How the GOP Became the Party of Trump

October 28, 2017 Topic: Politics Region: Americas Tags: Donald TrumpRepublicansConservativesGOPPolitics

How the GOP Became the Party of Trump

Trump is the effect, more than the cause, of the crisis in American government.

 

Donald Trump’s grip on the Republican Party is so secure that his enemies draw a warm bath and open their veins rather than face the violent death that awaits them in their primaries. That’s the real meaning of Jeff Flake’s act of political seppuku this week. His speech from the Senate floor about the need to defend democratic norms is not the beginning of some heroic Republican resistance, the opening salvo of a civil war—because Flake has no army. Bob Corker has no army. John McCain and Mitt Romney and George W. Bush have no armies. It can’t be a civil war when all the troops are on one side: Trump’s.

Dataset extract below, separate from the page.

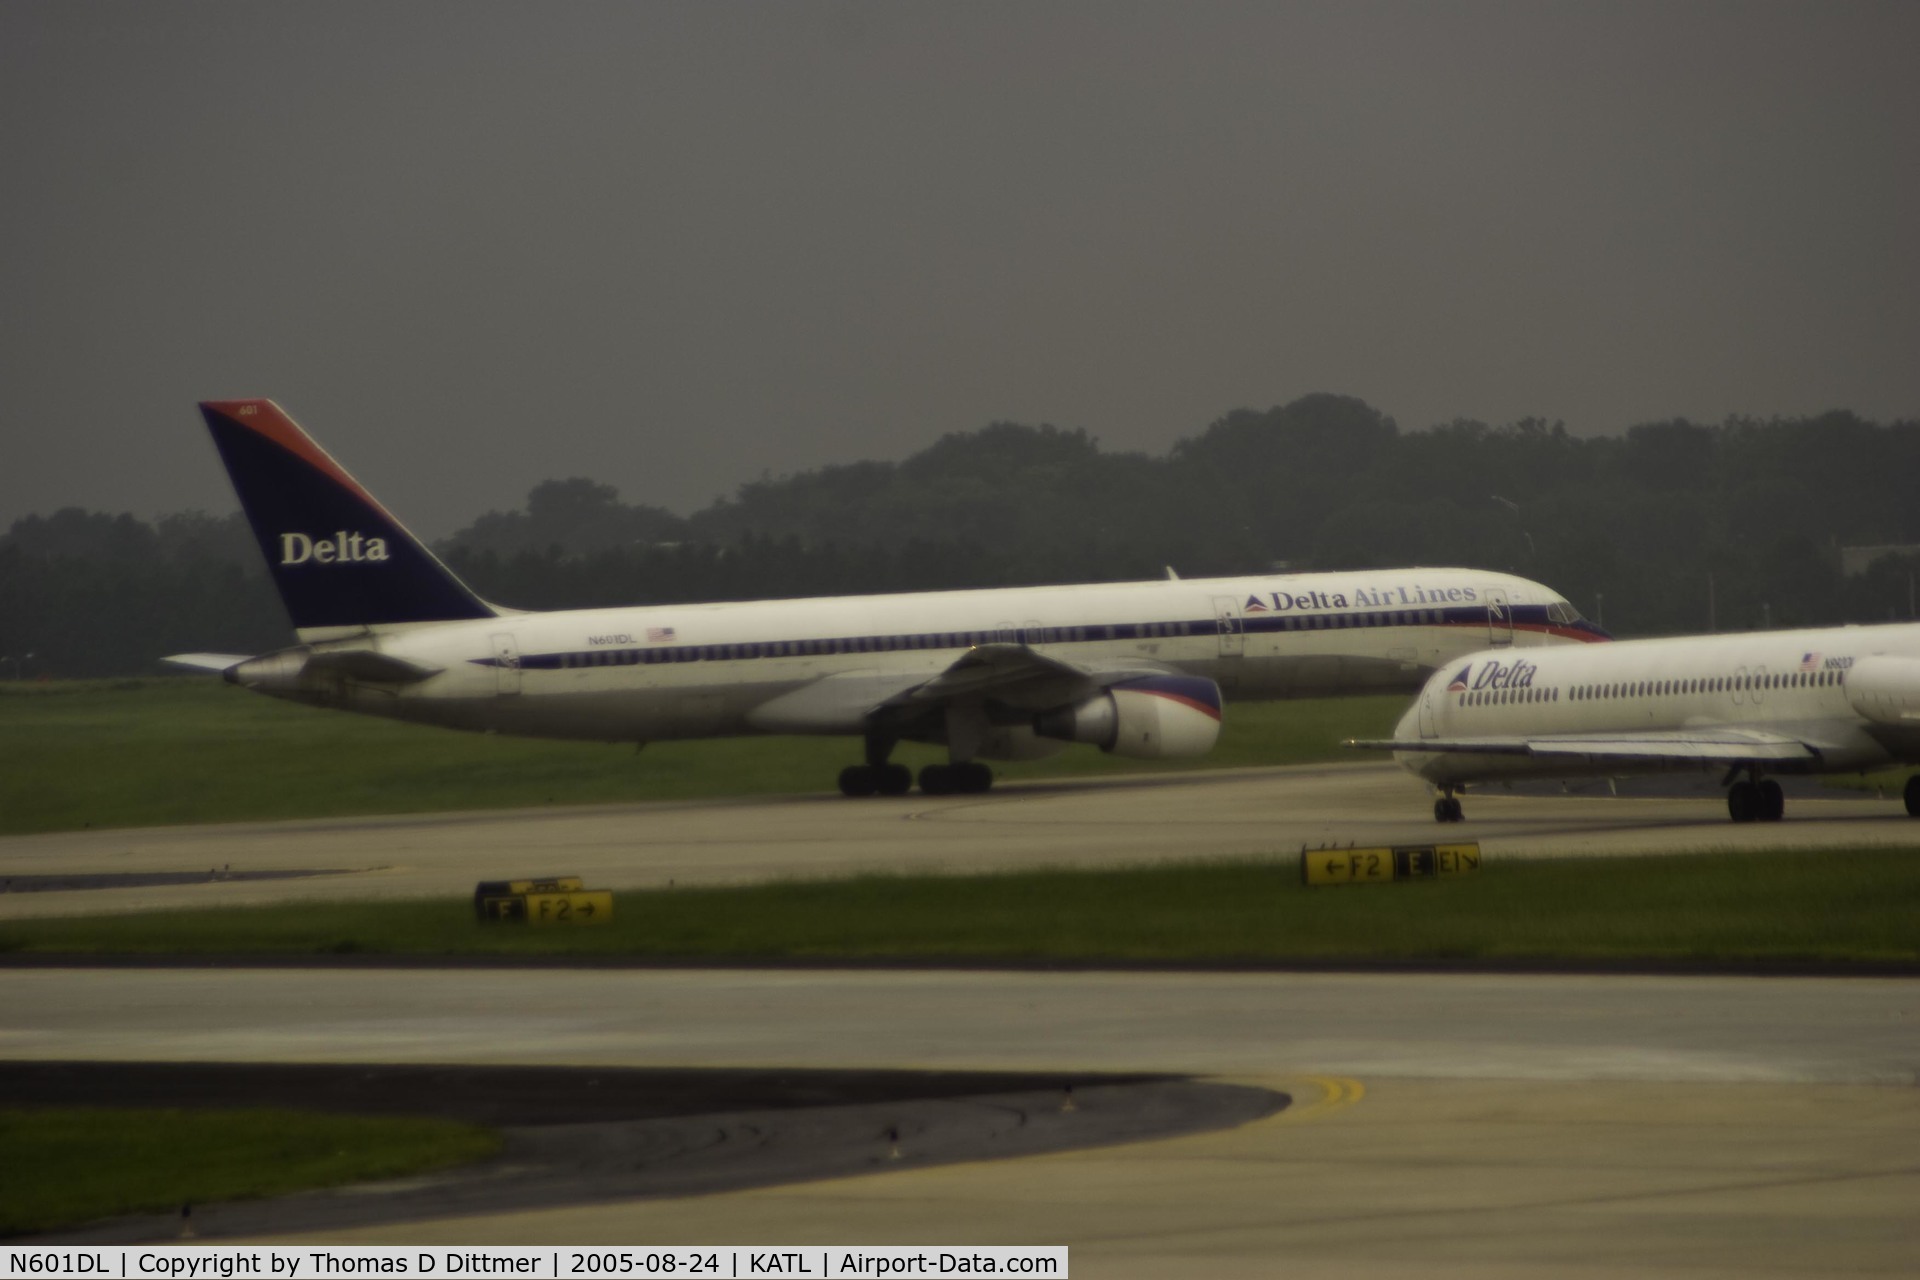 N601DL, 1985 Boeing 757-232 C/N 22808, Delta Airlines (N601DL) rolling down the runway

If there was going to be a Republican resistance, where would it start? Geography is still king in American politics, unfashionable though that may sound. Trump is president because he understood this: he campaigned in places where he wasn’t supposed to have a chance because he believed, rightly, that his message could win the Rust Belt. Where does the NeverTrump message win? Not in the South, unless Roy Moore is what you want. Not in the West, as Jeff Flake and Dean Heller illustrate. Not even in the old bastions of the Rockefeller Republicans and “Eastern Establishment.” Trump is popular with white ethnics and the Giuliani or Christie constituencies. New England has had its own Trump, Maine governor Paul LePage, since 2011. Susan Collins is nobody’s idea of the future of the Republican Party.

 

How about suburban America? How about places with a lot of highly educated votes? Try Virginia: Trump won its presidential primary last year, and a long-shot Trumpist candidate almost won the gubernatorial nomination this year. The actual gubernatorial nominee, Ed Gillespie, has made Trump’s signature issue, immigration, a flashpoint of the campaign by tying his Democratic opponent to the MS-13 gang. What was once the party of Sen. John Warner or Attorney General Ken Cuccinelli—a party divided between the establishment and Christian right wing—is now becoming another Trump state party.

Utah and the op-ed page of the Washington Post together do not make a force with which to retake the Republican Party, or even to contest its direction. It’s not that there’s no place for an anti-Trump GOP to go; there’s no place for it even to start. It certainly won’t start in Congress, which is the most unpopular branch of the federal government: Trump’s worst approval ratings are easily three times as high as the typical approval ratings for Congress, which sometimes struggle to reach double digits. As I write, the RealClearPolitics polling aggregate indicates that less than 13 percent of the public approves of Congress’s performance. This is why Trump has no fear of getting into a fight with a legislature controlled by his own party: he won in November 2016 not by being overwhelmingly popular, but by being more popular relative to Hillary Clinton in most parts of the country. Trump is more popular than Congress, by a long way, and he can quite plausibly say that a Congress led by Mitch McConnell and Paul Ryan isn’t really controlled by his party—it’s controlled by what the Republican Party used to be. And everybody hates that: Democrats, hard left and populist right alike. It’s the friendless persuasion.

The magnitude of the GOP’s transformation, from the party of Mitt Romney just five years ago to the party of Trump today, is astonishing. How did one man achieve so much with just one election?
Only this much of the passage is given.